KB Kookmin setzt JPMorgan-Blockchain für Handelszahlungen ein
Die südkoreanische Bank nutzt JPMorgans Kinexys zunächst für Dollarzahlungen von Import- und Exportkunden. Das zeigt, dass Blockchain-Rails im klassischen Handel zunehmend an Bedeutung gewinnen.

Wichtigste Erkenntnisse
- KB Kookmin Bank startet im August mit einem Blockchain-Zahlungsdienst für Import- und Exportunternehmen.
- Zunächst laufen die Zahlungen in US-Dollar über das JPMorgan-Kinexys-Netzwerk.
- In der ersten Phase geht es um Dollarzahlungen in zehn Länder, darunter die USA, Singapur und Indien.
KB Kookmin Bank will im August einen Blockchain-basierten Zahlungsdienst für Import- und Exportunternehmen einführen. Zum Start nutzt die südkoreanische Bank US-Dollar-Zahlungen über das JPMorgan-Kinexys-Netzwerk. Damit erhält ein großes Institut Zugang zu einer Infrastruktur, die vor allem für institutionelle Zahlungen und digitale Abwicklung entwickelt wurde und nicht auf den Retail-Bereich von Krypto ausgerichtet ist.
Kinexys wird von Banken genutzt
Kinexys ist die Blockchain-Sparte von JPMorgan und war zuvor unter dem Namen Onyx bekannt. Über die Plattform laufen institutionelle Zahlungen, Tokenisierung und die Abwicklung digitaler Assets. Nach den verfügbaren Angaben hat das Netzwerk inzwischen mehr als 4 $ Billionen (3,5 € Billionen) an Transaktionen verarbeitet. Das durchschnittliche Tagesvolumen liegt bei über 7 $ Milliarden (6,2 € Milliarden).
Für KB Kookmin bedeutet das, dass Handelszahlungen auf einer bestehenden Blockchain-Infrastruktur abgewickelt werden können, statt dafür ein komplett neues System aufzubauen. Der Dienst soll zunächst über koreanische Niederlassungen sowie über das Büro von KB Kookmin in Singapur angeboten werden.

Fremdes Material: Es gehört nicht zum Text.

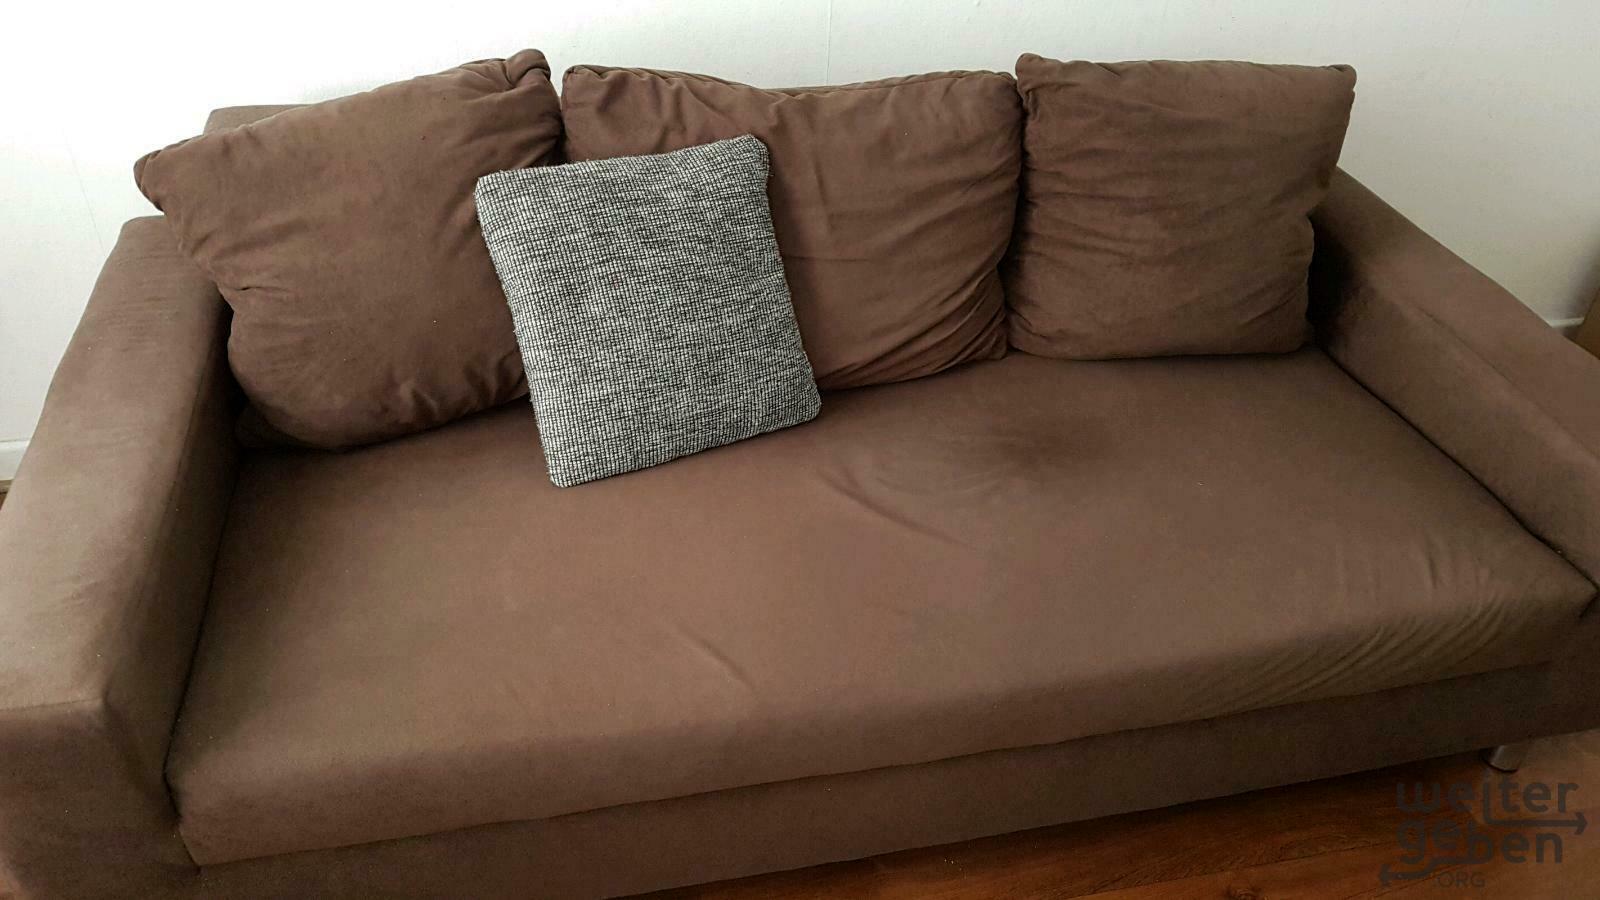 Sofa in Hamm

Dollarzahlungen in zehn Länder
In der ersten Phase stehen Dollar-Überweisungen in zehn Länder im Fokus, darunter die USA, Singapur, Saudi-Arabien, Indien, Thailand, Katar, die Vereinigten Arabischen Emirate, Bahrain und Südafrika. Laut lokalen Medien geht es dabei um Zahlungen für Kunden aus dem Import- und Exportgeschäft.
Bemerkenswert ist, dass dieser Schritt kurz nach der Auswahl von KB Kookmin für ein staatlich unterstütztes Projekt rund um Deposit Tokens erfolgt. Das Programm wird vom Ministry of Science and ICT und der Korea Internet & Security Agency umgesetzt. Zusammen deuten diese Entwicklungen darauf hin, dass südkoreanische Banken zunehmend mit tokenisiertem Geld und Blockchain-Rails für reguläre Finanzdienstleistungen experimentieren.
Warum das relevant ist
Für europäische Krypto-Beobachter ist das vor allem deshalb interessant, weil es zeigt, dass Blockchain-Infrastruktur immer häufiger außerhalb des klassischen Krypto-Markts eingesetzt wird. Wenn mehr Banken solche Rails nutzen, dürfte das auch für die Debatte über tokenisierte Einlagen, Settlement und die Rolle großer Finanzinstitute im Krypto-Umfeld relevant werden. Das ist noch kein Beleg für eine breite Adoption, zeigt aber, dass die Grenze zwischen klassischen Zahlungen und Blockchain weiter verschwimmt. Der Trend passt zu einem breiteren Muster, bei dem Banken und Vermögensverwalter Blockchain vor allem für Abwicklung und tokenisierte Assets einsetzen, etwa bei tokenisierte Einlagen bei Banken.